As they lived and died, countless numbers of these calcite shells fell to the floors of the ancient seas. They mixed with the mud and made thick, oozy carpets. But the old earth has often changed around her land and sea areas. Sometimes a sea became dry land. The little window makers wre left high and dry on top of their thick carpets of mud and shells.
In time the old sea bed became a stretch of dry land.
The oozy mud became dry, solid rock. The rock formed in this way was limestone. Where the water was clean and clear, the limestone turned out white. Where streams mixed muddy waters into the shallow sees, the dry limestone turned out to be greyish and dirty looking.

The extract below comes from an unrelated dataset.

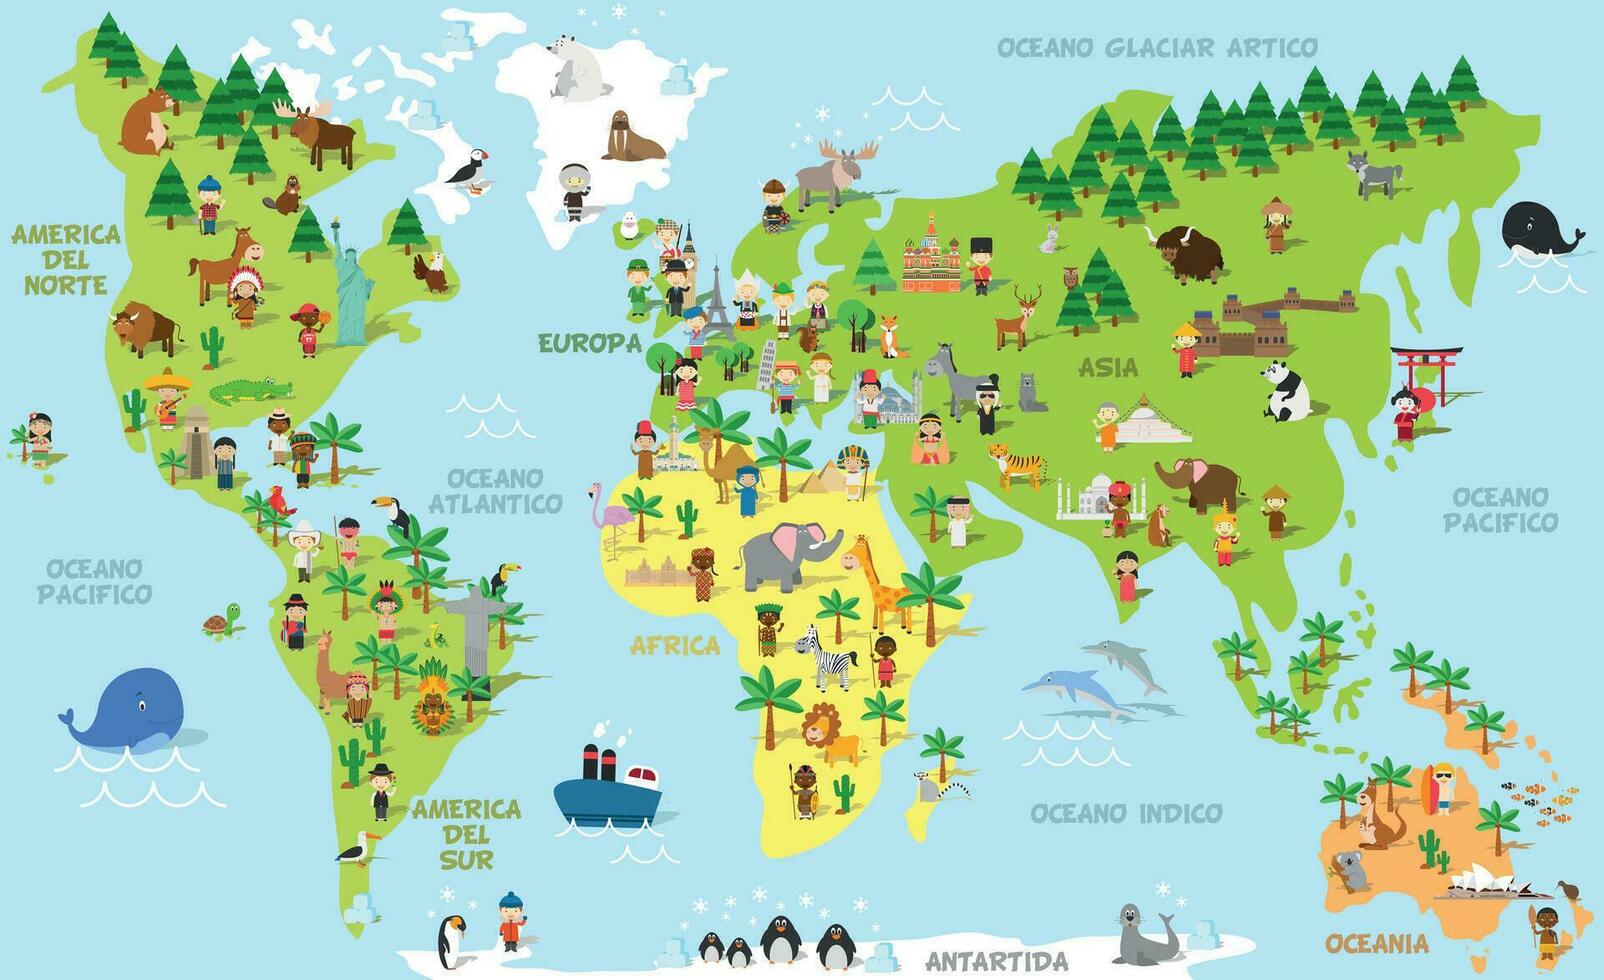 Funny cartoon world map with childrens of different nationalities, animals and monuments of all the continents and oceans. Names in spanish. Vector illustration for preschool education and kids design

Some of our beds of limestone are along the Mississippi, far from the sea. They were started millions of years ago when the Arctic Ocean reached down and linked arms with the Gulf of Mexico. Some of our limestone is made by running water from calcite chemicals in the soil. These chemicals dissolve easily in water and, when the water dries up, they stay behind as solid rock. The stalagmites, stalactites and other fancy stone work in a limestone cave is made by dripping water. The calcite dissolves and stays behind when the water evaporates.
Limestone is easy to cut from its hiding places and the modern world has a million jobs for it to do. It helps to make iron and steel.
It is used to make the portland cement from which we make concrete. Calcite is one of the chemicals that can neutralize acids. For this reason, limestone is sometimes used as a fertilizer to help plants where there is too much acid in the soil.